Wikipedia needs creative editing, all of its articles should be creatively edited and dispersed to the poor african children.
Peter Damian
QUOTE(Shalom @ Thu 25th June 2009, 1:43am) *

Loren Cobb posts a sophisticated vandalism study. His results confirm what I learned from personal experience in the trenches, reverting both short-term and long-term vandalism.

http://en.wikipedia.org/wiki/Wikipedia:Wik...06-22/Vandalism

Spread the word. Tell the media to revise their silly "most vandalism gets reverted in 5 minutes" nonsense from years ago. (I recall Somey made this point a while back.)

QUOTE
The fact that 50% of all vandalism is being detected and reverted within an estimated four minutes of appearance should go a long way to allay fears about the susceptibility of English-language Wikipedia articles to malicious vandalism. On the other hand, the fact that an estimated 10% of all vandalism endures for months and even years indicates that some new tools and strategies are needed for rooting out the most subtle and persistent forms of vandalism.



This study is meaningless as statistics without a precise definition of 'vandalism'. The fact that there is a category of 'subtle vandalism' is very telling. Presumably not so subtle that the study did not detect it. Are there even more subtle forms that it did not detect?

There are whole articles that (in my view) count as 'subtle vandalism'. When will they be reverted?

Also 'vandalism' is not the same as 'errors' or 'libel' or whatever. Do most 'errors' get corrected within minutes? Surely not.
sbrown
Then there are the articles created just for POV purposes. They can be around for a very long time. And of course the articles deleted on purely POV grounds which may never be recreated causing permanent damage. As if we care!
thekohser
The study methodology is painfully, grievously flawed. By taking 100 articles, then tracing backward in step-wise fashion through edits, until a vandal's edit is discovered, it does something really abominable.

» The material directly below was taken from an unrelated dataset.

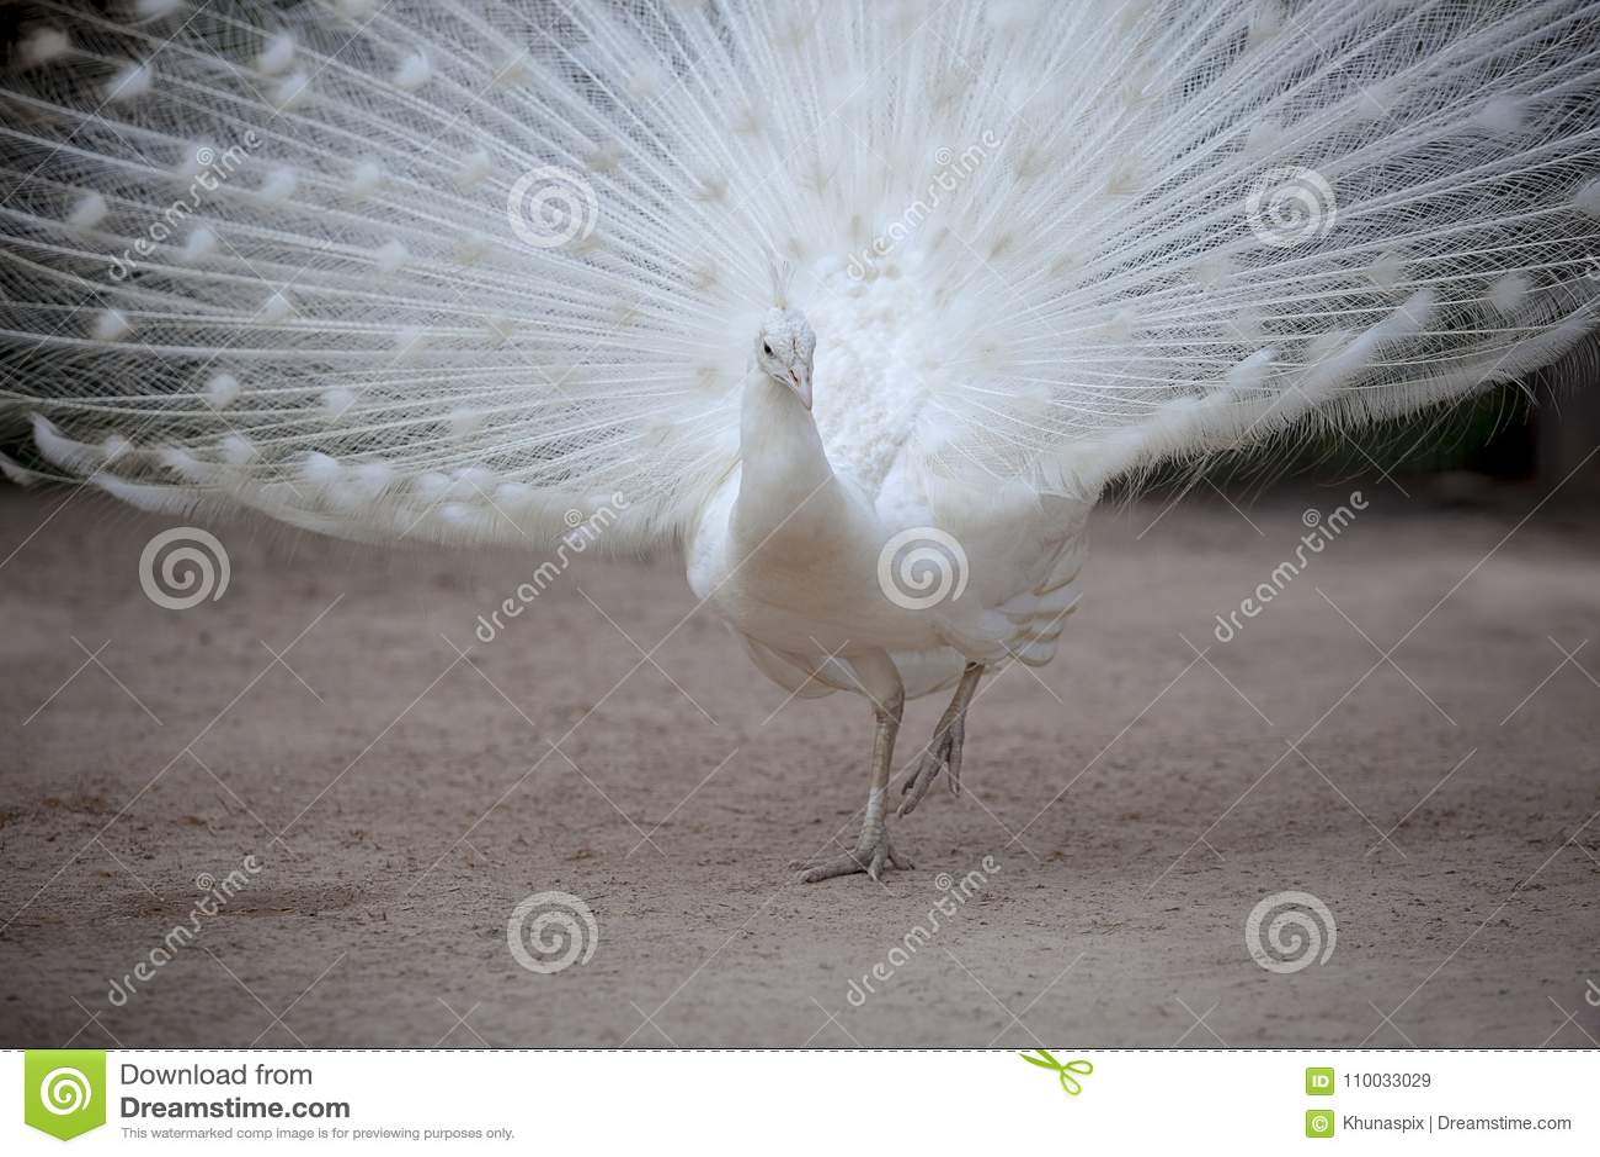 Witte fazant met mooie ventilatorstaart die zich op vuilgebied bevinden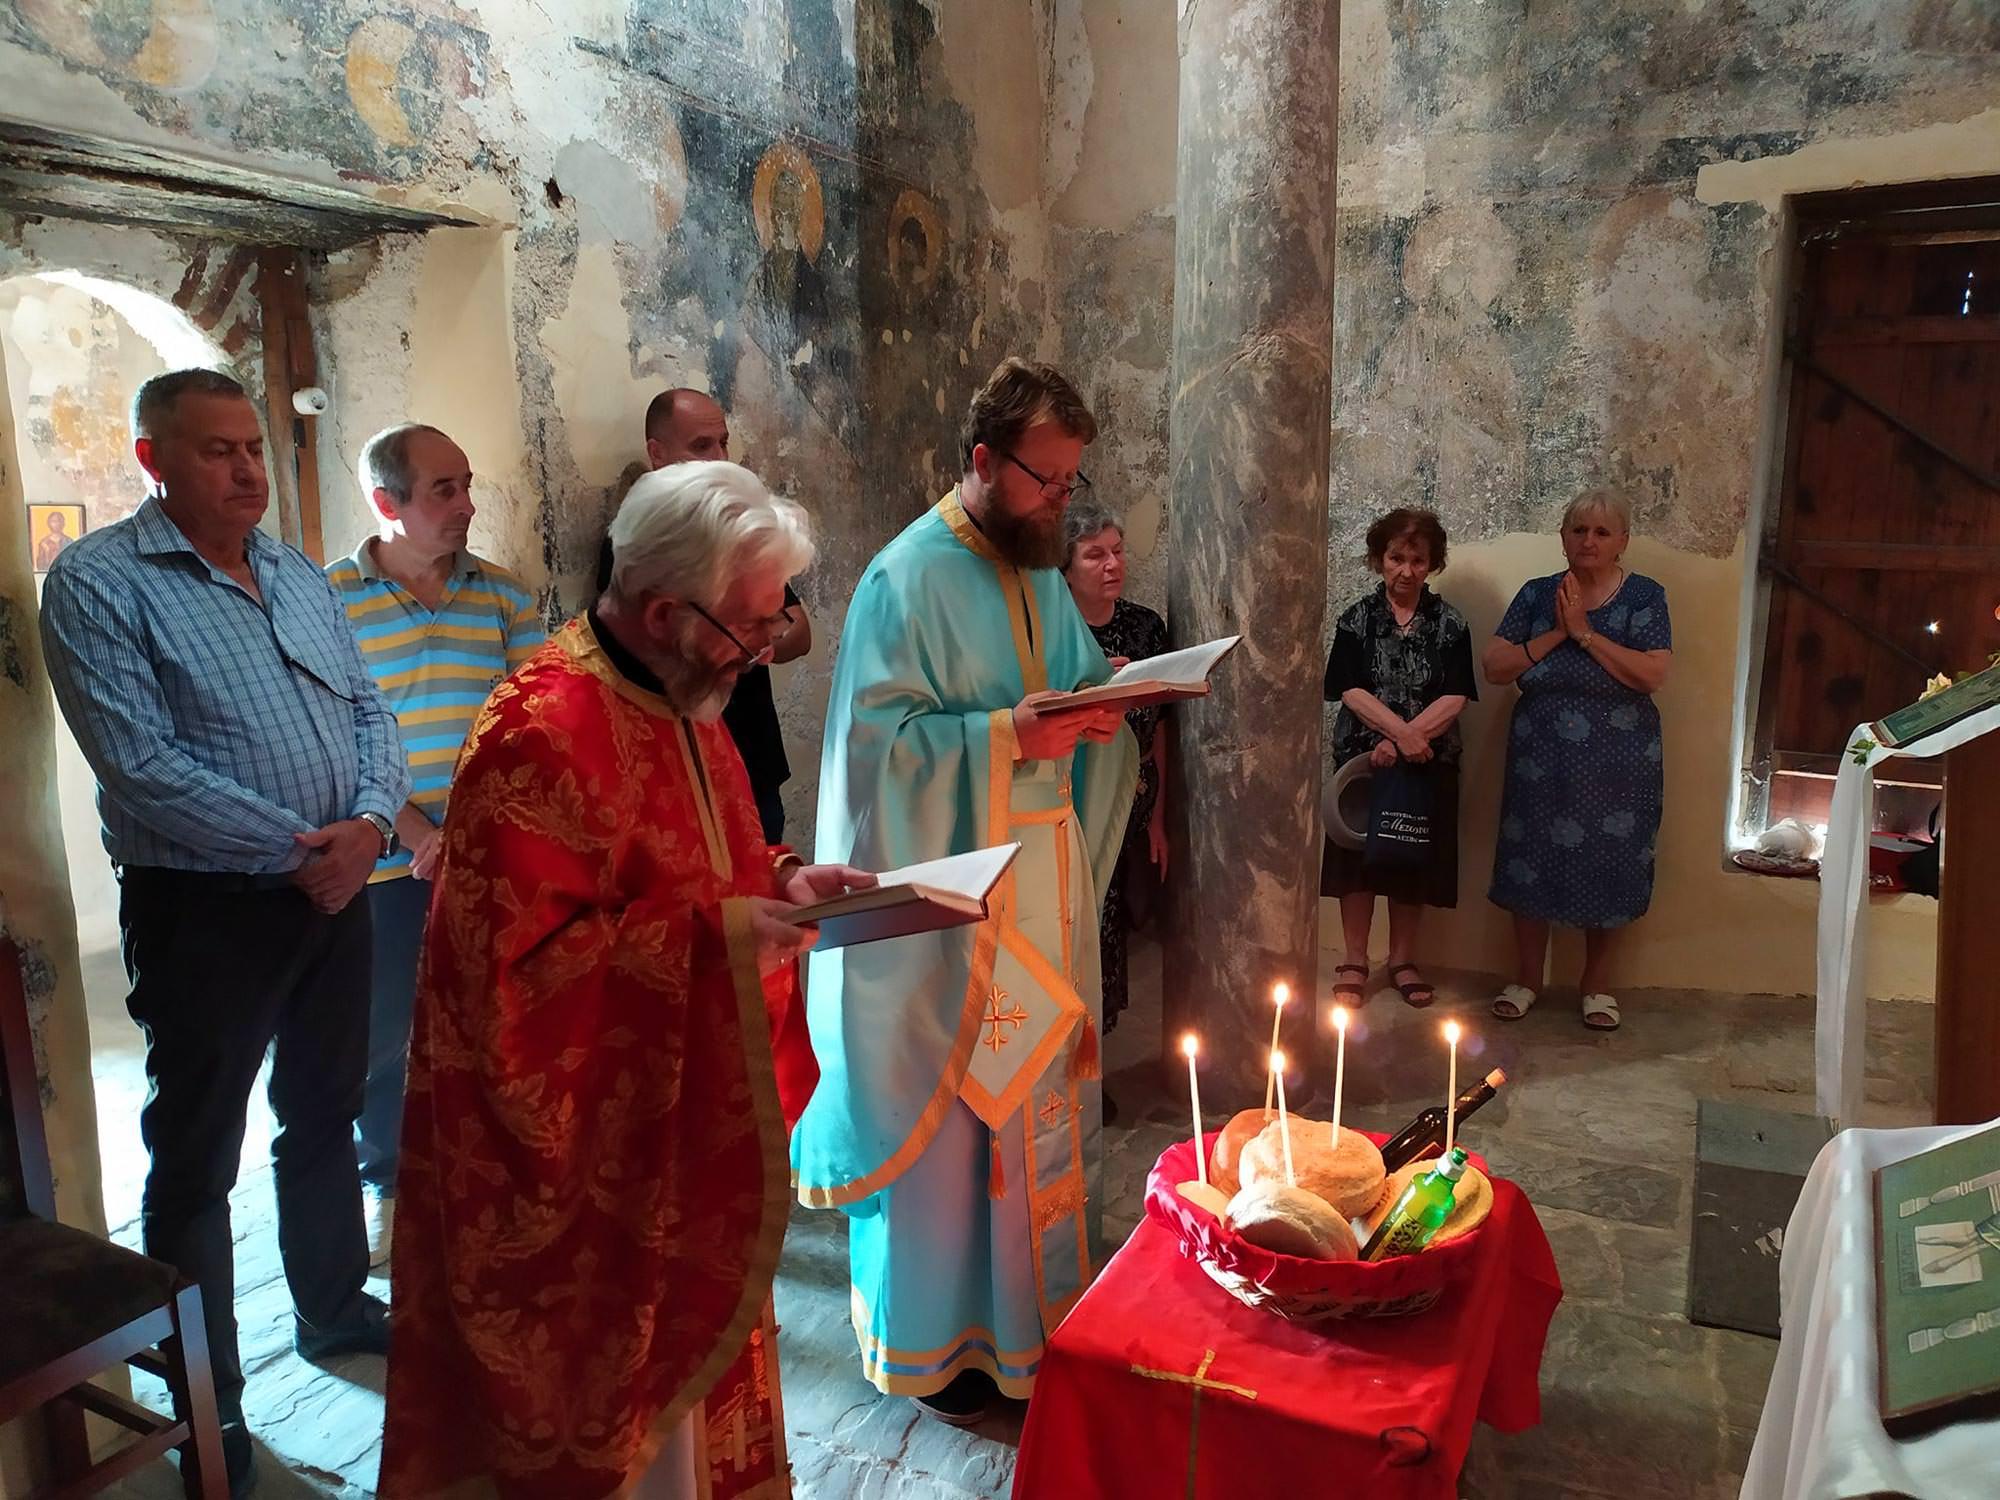 ιστορικός ναός της Αγίας Τριάδος στο Κάστρο Μπερατίου

Suppose I entered a nice, juicy, devious vandalized edit on January 1, 2009 on the article about [[Yellowfin tuna]]. Suppose, then, Jon Awbrey comes along on June 24, 2009 and makes a blunt, obvious, profane edit to the article. Jon's edit is discovered by the "Recent Change Patrol", and it is reverted in one minute. However, my edit from January remains safely in place.

The data point for [[Yellowfin tuna]] in Dr. Cobb's nifty chart is going to register along the "one minute" mark along the horizontal axis, rather than the "246,000-minute" mark, or the "never" mark.

So, Dr. Cobb thinks he has "proven" from this study that the median time for vandal correction on Wikipedia has dropped from 6 minutes, to 5 minutes, to 4 minutes, over each of the past three years. I would contend that all he has actually proven is that Wikipedia is being vandalized more often by "easy-to-spot" vandals.

I am going to contact Dr. Cobb and ask him about a particular article I have in mind, and I'm going to bet that his methodology will have missed one of my great not-so-recent vandalisms. I don't want to disclose it here, as it would soil the sample.

Greg
Kelly Martin
The study makes a huge swath of unjustified assumptions about Wikipedia vandalism. The biggest one seems to be the assumption that vandalism is randomly distributed amongst articles.

The problem is that our illustrious idiot used an inappropriate methodology to select edits for review. The only statistically meaningful way to do a vandalism study is to select all edits, or a random subsampling of edits, over a particular timeframe, and review each one independently to determine what sort of edit it is. Once you've identified each of the subject edits, then and only then can you step forward in the history of the relevant articles.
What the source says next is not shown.